Sampling: [nu_T, nu_norm]
Sampling: [nu_T, nu_norm]
Sampling: [nu_T, nu_norm]
Sampling: [nu_T, nu_norm]

Legacy: Centered GRW

with pm.Model(coords={"pos": df.index.values}) as legacy_model:
    """
    Model E1 track as a continous mixture of two normals using a Gaussian Random Walk (GRW) to model the mixing proportions.
    The GRW is applied to the logit space to ensure the mixing proportions are between 0 and 1.
    """
    e1 = pm.Data("e1", df.e1.values, dims="pos")
    n = e1.shape[0]

    mu_a = pm.Normal("mu_a", 0.5, 0.3)
    mu_b = pm.Normal("mu_b", -0.5, 0.3)
    sigma = pm.HalfNormal("sigma", 0.3)

    # GRW over logit space
    grw_sigma = pm.HalfNormal("grw_sigma", 0.1)
    logit_w = pm.GaussianRandomWalk("logit_w", 
                                    sigma=grw_sigma, shape=n, 
                                    init_dist=pm.Normal.dist(mu=0.0, sigma=1.0),  # or a tighter prior if preferred
                                    dims="pos"
                                    )
    w = pm.Deterministic("w", pm.math.sigmoid(logit_w), dims="pos")

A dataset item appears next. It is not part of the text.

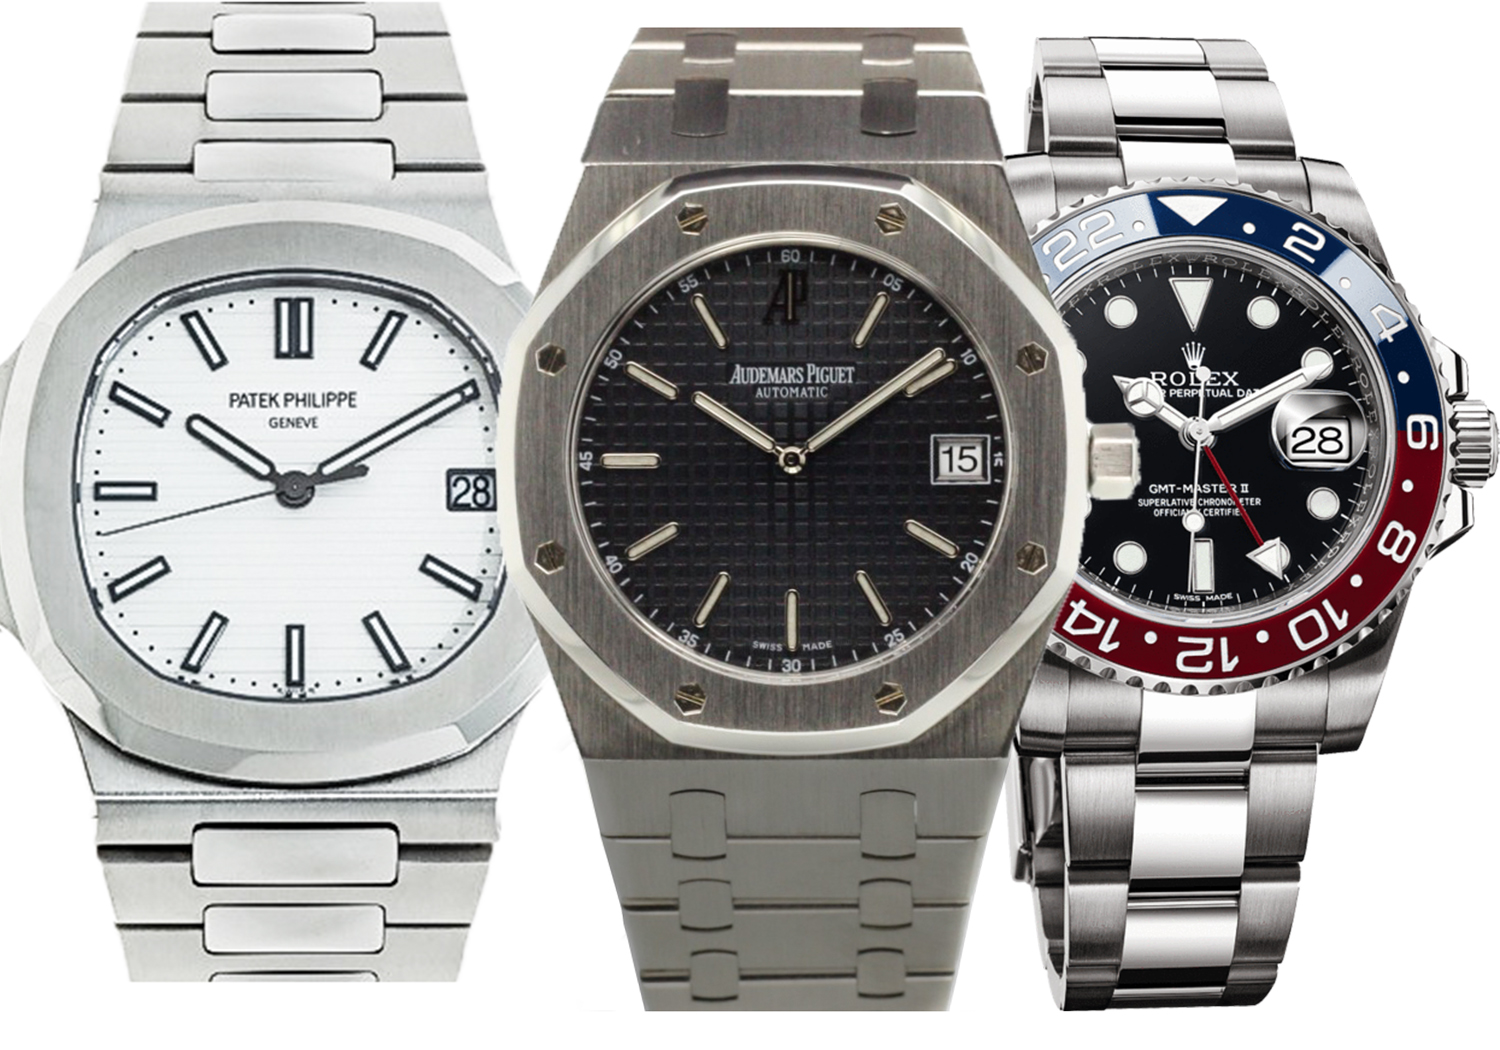 rolex-watches-are-a-poor-investment-today-warns-morgan-stanley-as-supply-still-exceeds-demand-on-the-secondary-market

    components = pm.Normal.dist(mu = pm.math.stack([mu_a, mu_b]),
                           sigma = sigma, 
                           shape=(2,))

    # Likelihood estimate
    y_hat = pm.Mixture("y_hat", w=pm.math.stack([w,1-w], axis=1), comp_dists=components, observed=e1, dims='pos')

New: Non-centered GRW

This patch is still a Gaussian Random Walk, but expressed in a non-centered form.

What stays the same:

The process is still a cumulative sum of Gaussian increments, i.e.,
\[\text{logit}_w[t] = \sum_{i=1}^t \epsilon_i \cdot \sigma\]
where $\epsilon_i \sim \mathcal{N}(0,1)$.
This is exactly what a GRW is.

What’s different:

Instead of sampling $\text{logit}_w$ directly, we sample the standardized increments $\epsilon$ and reconstruct $\text{logit}_w$ via cumsum.
This reduces posterior curvature and pathologies, especially around $\sigma$, improving NUTS performance.

Why it helps:

In the centered form, large values of grw_sigma lead to very spread-out walks → hard geometry.
The non-centered form handles the scale explicitly, so NUTS explores $\epsilon$ space more efficiently.

import pytensor.tensor as pt

with pm.Model(coords={"pos": df.index.values}) as model:
    """
    Model E1 track as a continous mixture of two normals using a Gaussian Random Walk (GRW) to model the mixing proportions.
    The GRW is applied to the logit space to ensure the mixing proportions are between 0 and 1.
    This is a non-centered reparameterization of the model.
    The model uses ordered parameters for mu_a and mu_b to ensure they are distinct and do not switch.
    """
    e1 = pm.Data("e1", df.e1.values, dims="pos")

    # Old version, not ordered
    # mu_a = pm.Normal("mu_a", 0.5, 0.3)
    # mu_b = pm.Normal("mu_b", -0.5, 0.3)
    # New: Make ordered parameters for mu_a and mu_b in stead
    mu = pm.Normal("mu", mu=[-0.5, 0.5], sigma=0.3,
        transform=pm.distributions.transforms.ordered, # IMPORTANT
        shape=2,
        )
    sigma = pm.HalfNormal("sigma", 0.3, shape=2)

    # GRW over logit space; non-centered reparameterization
    grw_sigma = pm.HalfNormal("grw_sigma", 0.05)
    # Normal distribution for eps
    #eps = pm.Normal("eps", mu=0.0, sigma=1, dims="pos")

    # StudentT distribution for eps (got alot of divergences with nu=3)
    eps = pm.StudentT("eps", nu=10, mu=0.0, sigma=1.0, dims="pos")
    
    logit_w = pm.Deterministic("logit_w", pt.cumsum(eps * grw_sigma), dims="pos")
    w = pm.Deterministic("w", pm.math.sigmoid(logit_w), dims="pos")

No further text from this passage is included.